- GIVEN MATERIAL
________________
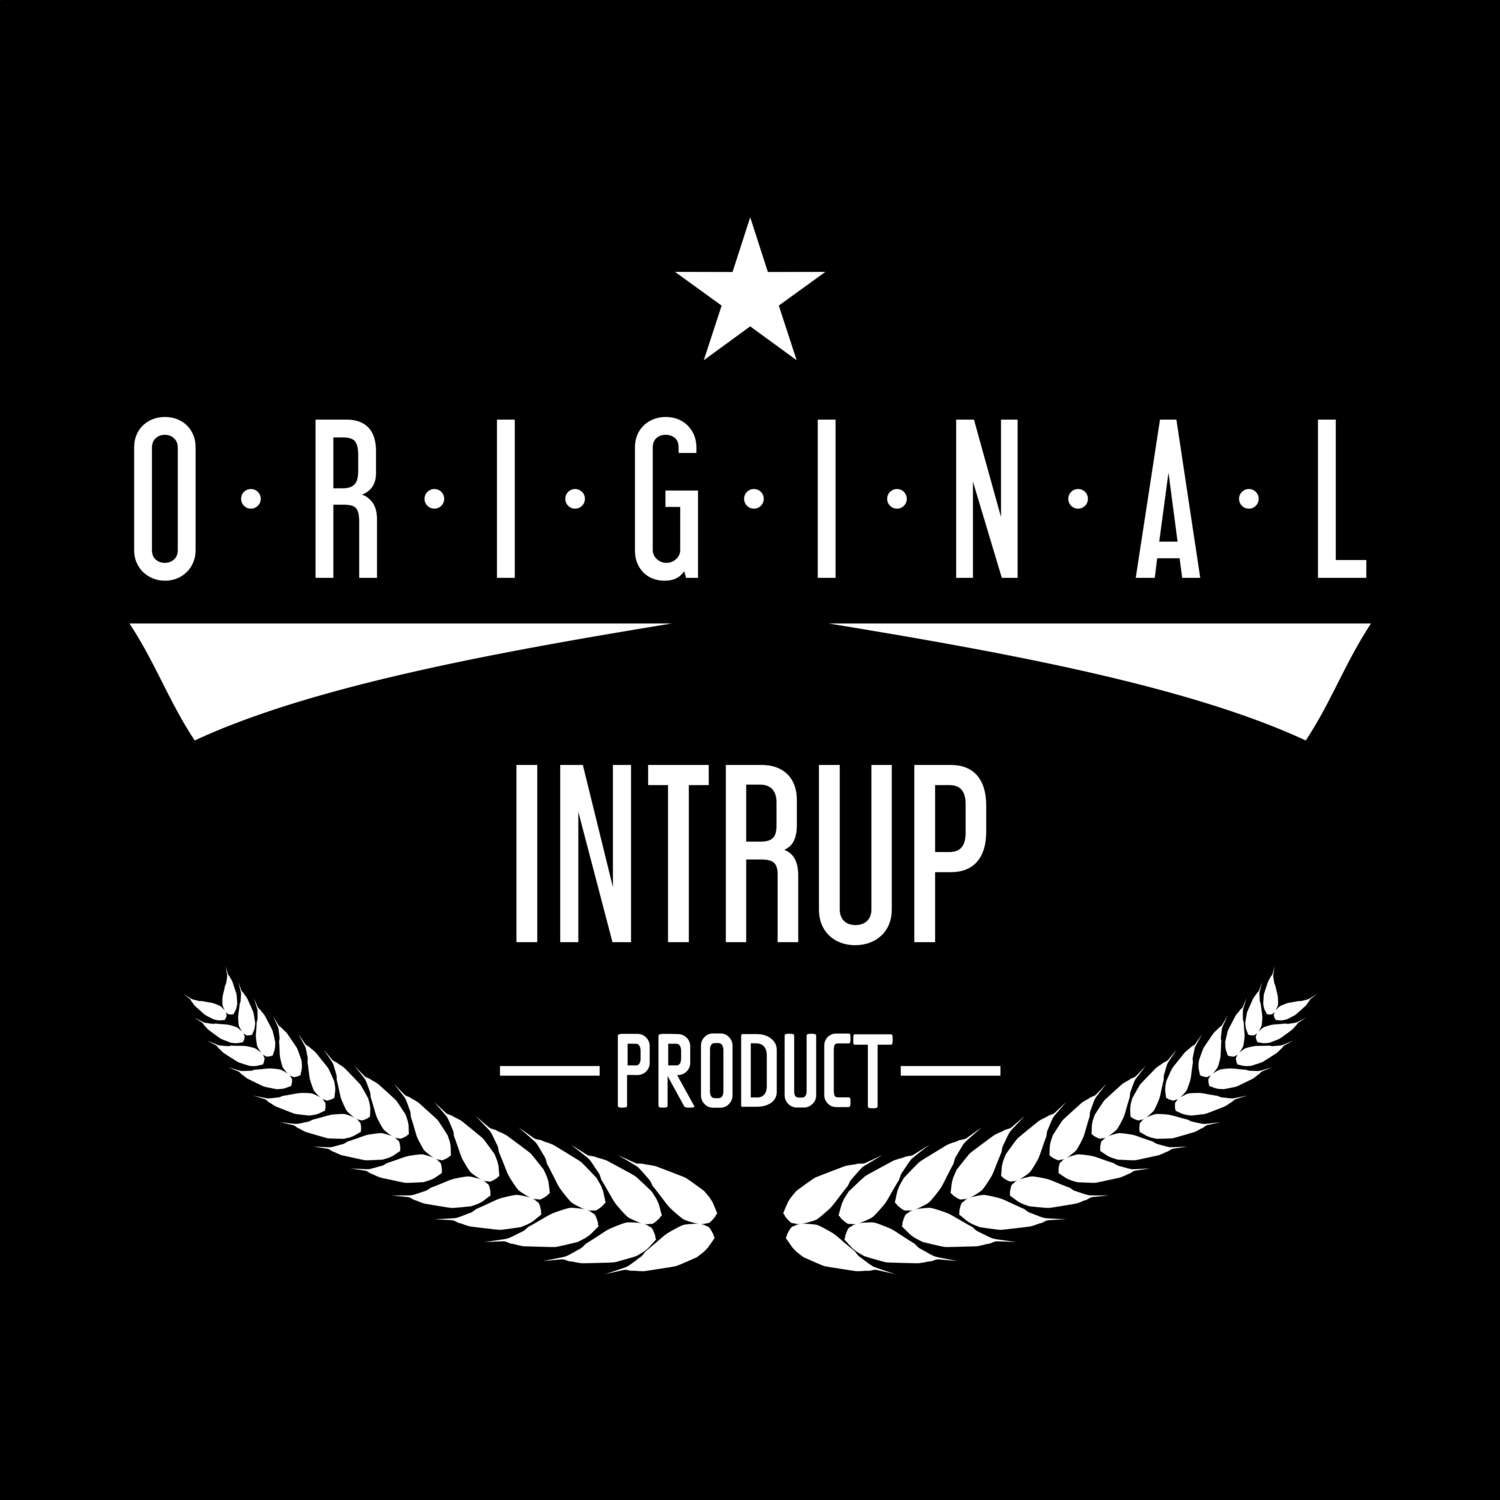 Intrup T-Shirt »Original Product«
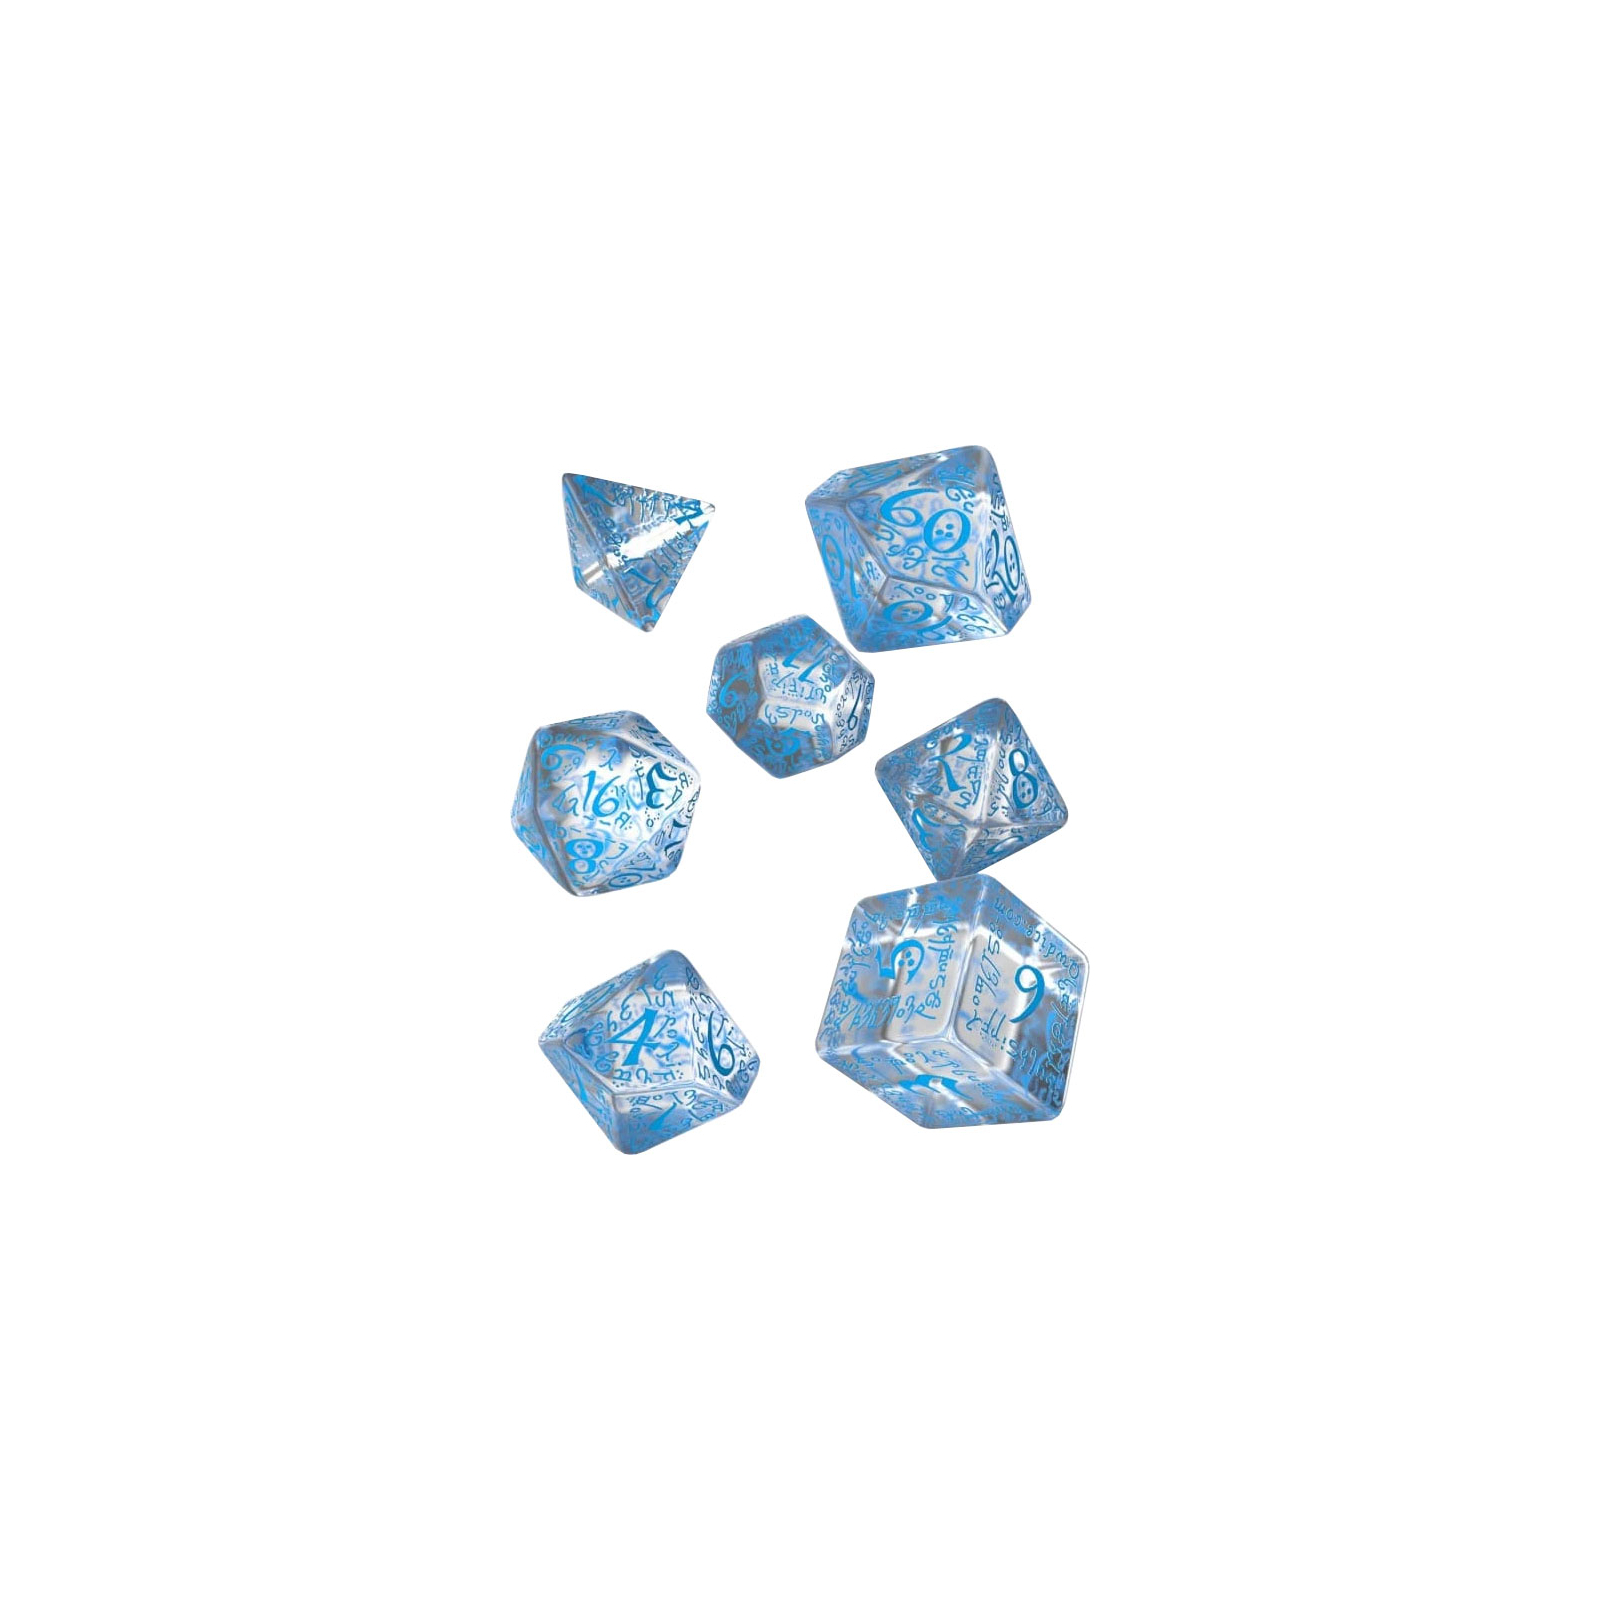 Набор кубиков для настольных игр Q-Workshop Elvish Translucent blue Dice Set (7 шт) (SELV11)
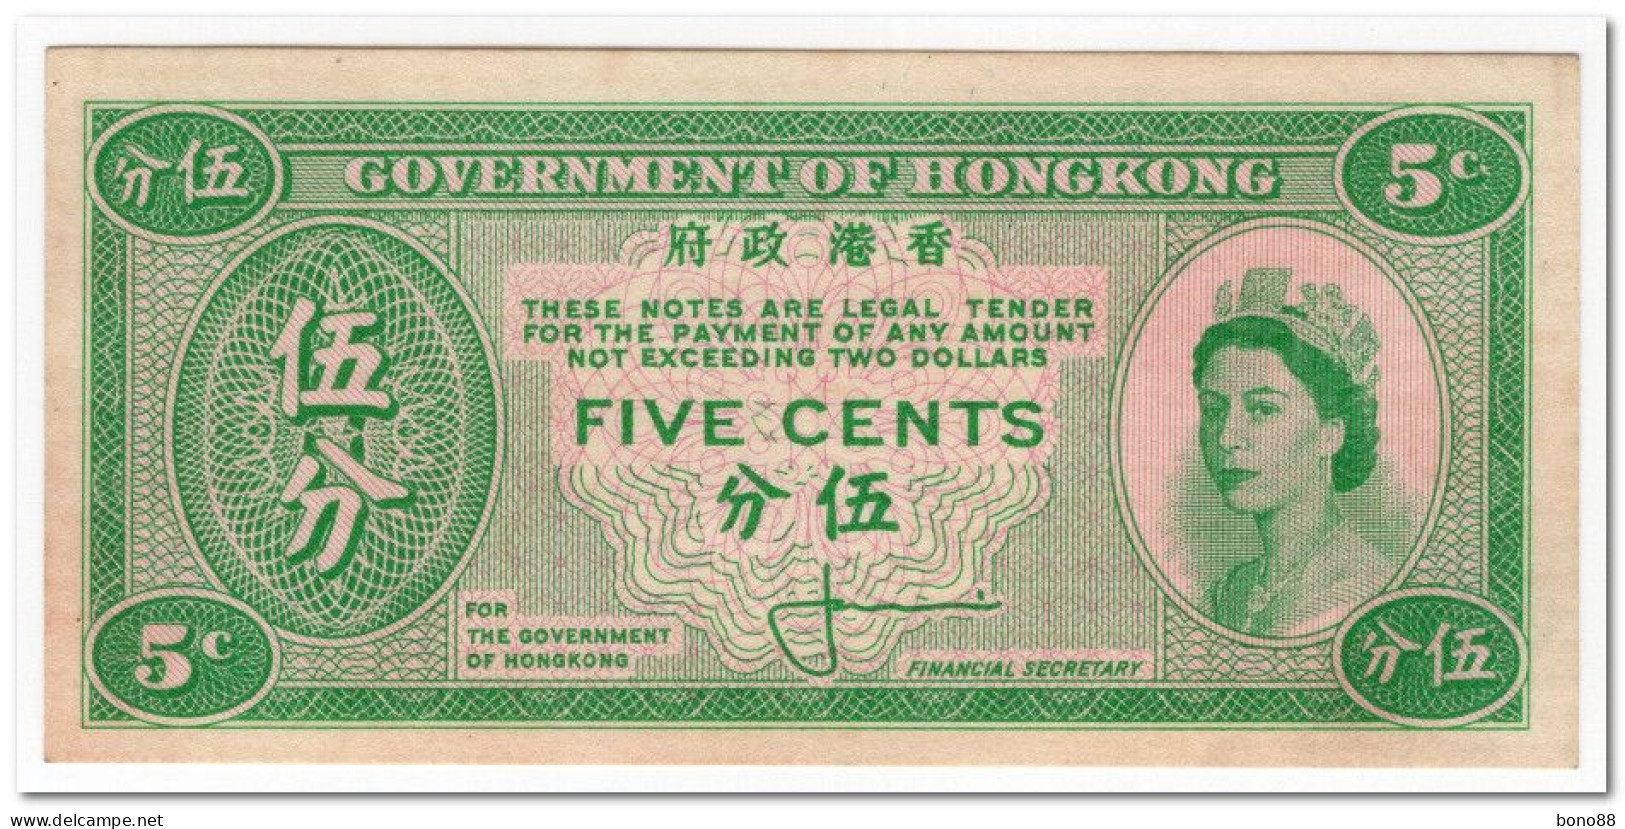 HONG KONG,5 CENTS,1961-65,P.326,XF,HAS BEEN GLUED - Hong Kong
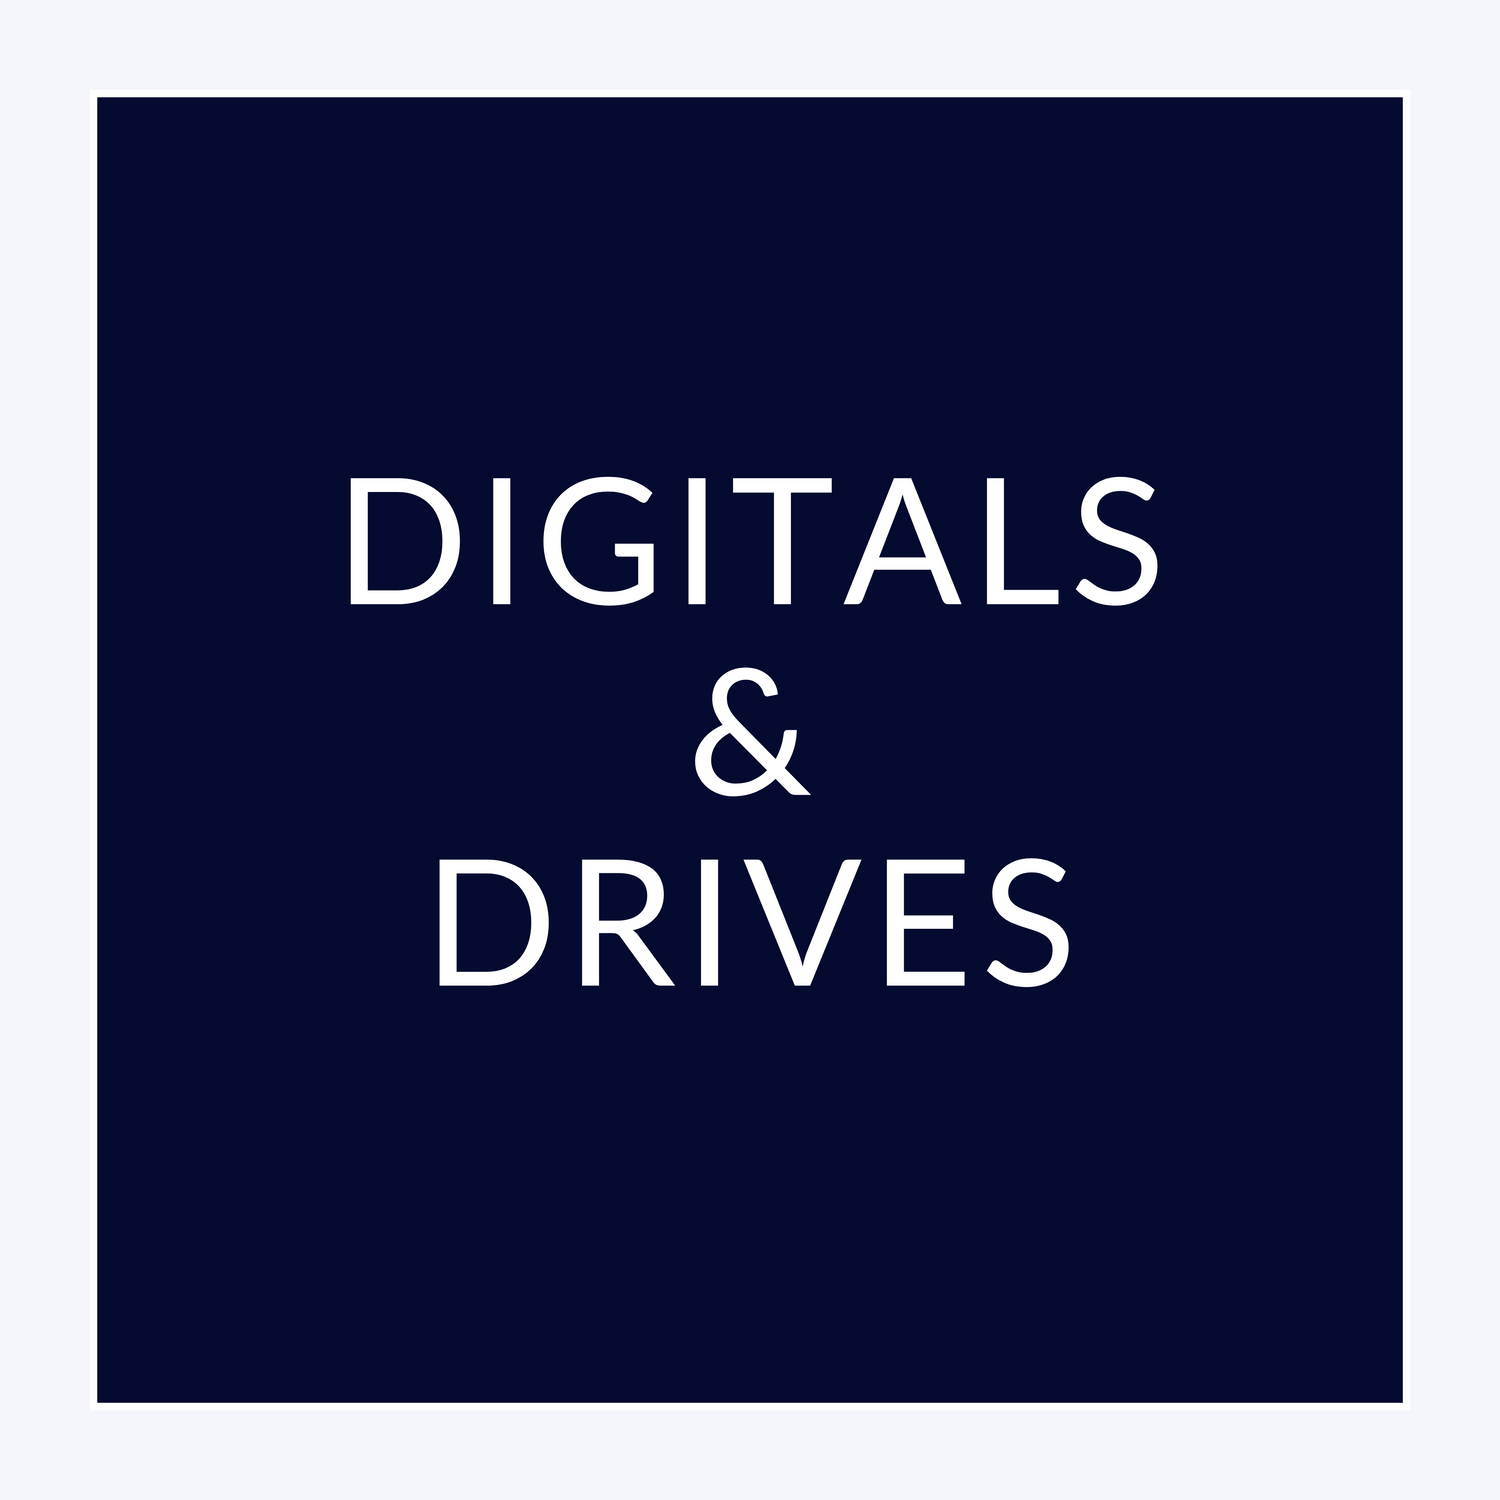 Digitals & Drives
________________
The pictures in the listing above are to be dropped, and everything else reproduced exactly.

- RESULT OF THIS TASK
 Intrup T-Shirt »Original Product«
 Набор кубиков для настольных игр Q-Workshop Elvish Translucent blue Dice Set (7 шт) (SELV11)
 HONG KONG,5 CENTS,1961-65,P.326,XF,HAS BEEN GLUED - Hong Kong
 Digitals & Drives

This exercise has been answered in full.